You are viewing a plain text version of this content. The canonical link for it is here.
Posted to common-user@hadoop.apache.org by jibjoice <su...@hotmail.com> on 2008/01/09 03:07:31 UTC
nutch crawl and index problem
first i set conf/crawl-urlfilter that
# skip file:, ftp:, & mailto: urls
-^(file|ftp|mailto):
# skip image and other suffixes we can't yet parse
-\.(png|PNG|ico|ICO|css|sit|eps|wmf|zip|mpg|gz|rpm|tgz|mov|MOV|exe|bmp|BMP)$
# skip URLs containing certain characters as probable queries, etc.
-[?*!@=]
# skip URLs with slash-delimited segment that repeats 3+ times, to break
loops
-.*(/.+?)/.*?\1/.*?\1/
# accept hosts in MY.DOMAIN.NAME
#+^http://([a-z0-9]*\.)*MY.DOMAIN.NAME/
# skip everything else
+.
i can crawl "http://guide.kapook.com" but i can't crawl
"http://www.kapook.com" some webpage can't crawl all i want to know why?

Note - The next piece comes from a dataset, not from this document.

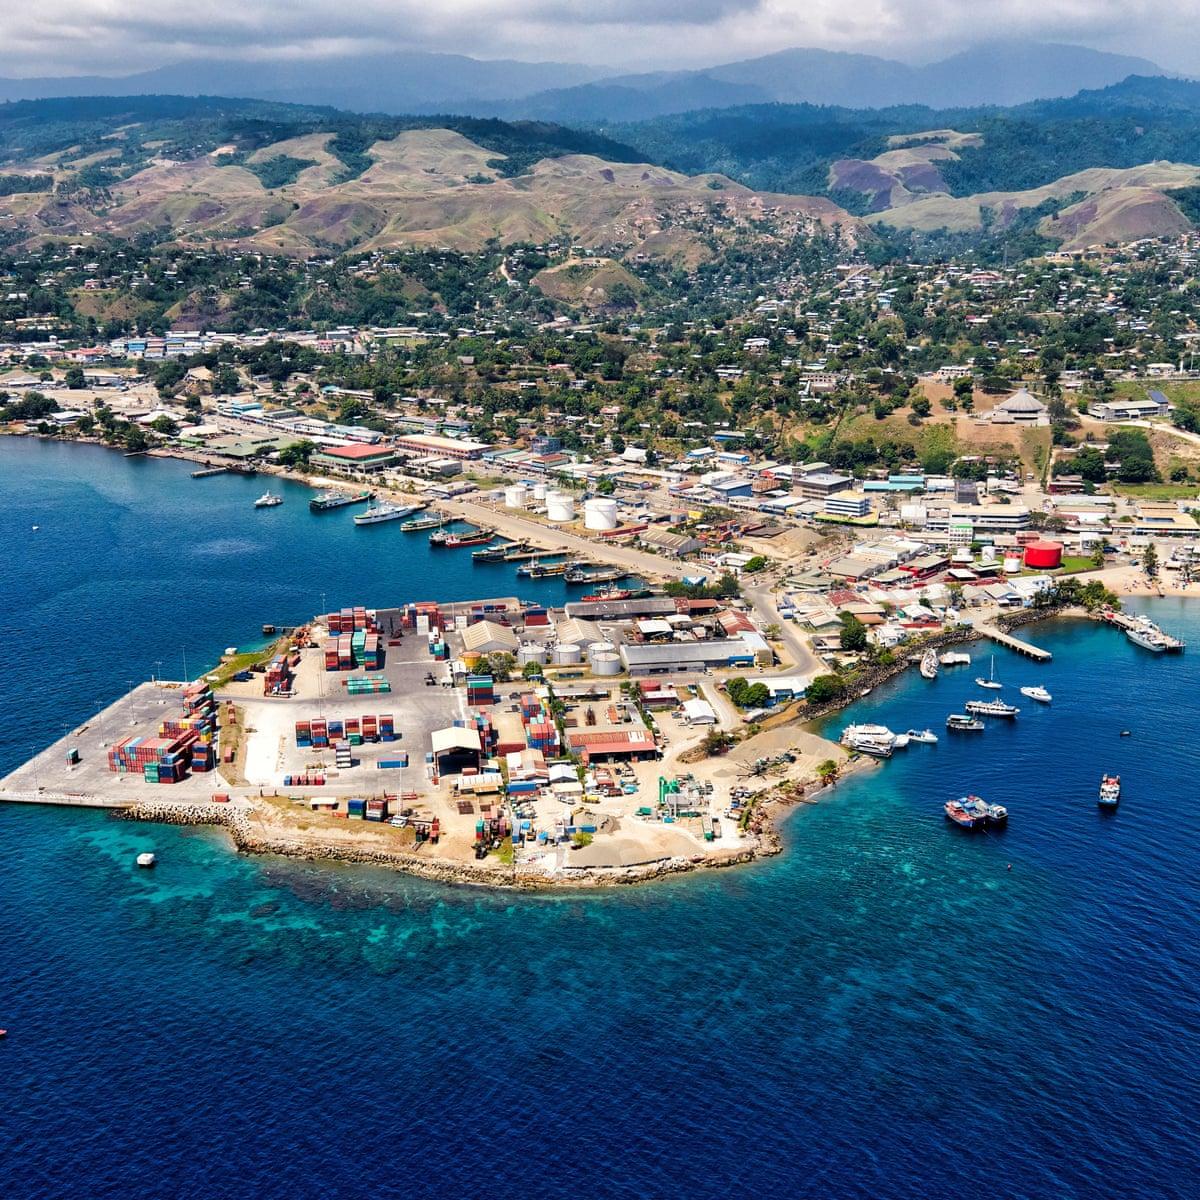 Solomon Islands plans to ban facebook

after crawl index file not complete it's not have segments file it have only
/user/nutch/crawld/indexes/part-00000/_0.fdt <r 1> 365
/user/nutch/crawld/indexes/part-00000/_0.fdx <r 1> 8
/user/nutch/crawld/indexes/part-00000/_0.fnm <r 1> 66
/user/nutch/crawld/indexes/part-00000/_0.frq <r 1> 370
/user/nutch/crawld/indexes/part-00000/_0.nrm <r 1> 9
/user/nutch/crawld/indexes/part-00000/_0.prx <r 1> 611
/user/nutch/crawld/indexes/part-00000/_0.tii <r 1> 135
/user/nutch/crawld/indexes/part-00000/_0.tis <r 1> 10553
/user/nutch/crawld/indexes/part-00000/index.done <r 1> 0
/user/nutch/crawld/indexes/part-00000/segments.gen <r 1> 20
/user/nutch/crawld/indexes/part-00000/segments_2 <r 1> 41
/user/nutch/crawld/indexes/part-00001/index.done <r 1> 0
/user/nutch/crawld/indexes/part-00001/segments.gen <r 1> 20
/user/nutch/crawld/indexes/part-00001/segments_1 <r 1> 20
how i solve it?
--
View this message in context: http://www.nabble.com/nutch-crawl-and-index-problem-tp14703815p14703815.html
Sent from the Hadoop Users mailing list archive at Nabble.com.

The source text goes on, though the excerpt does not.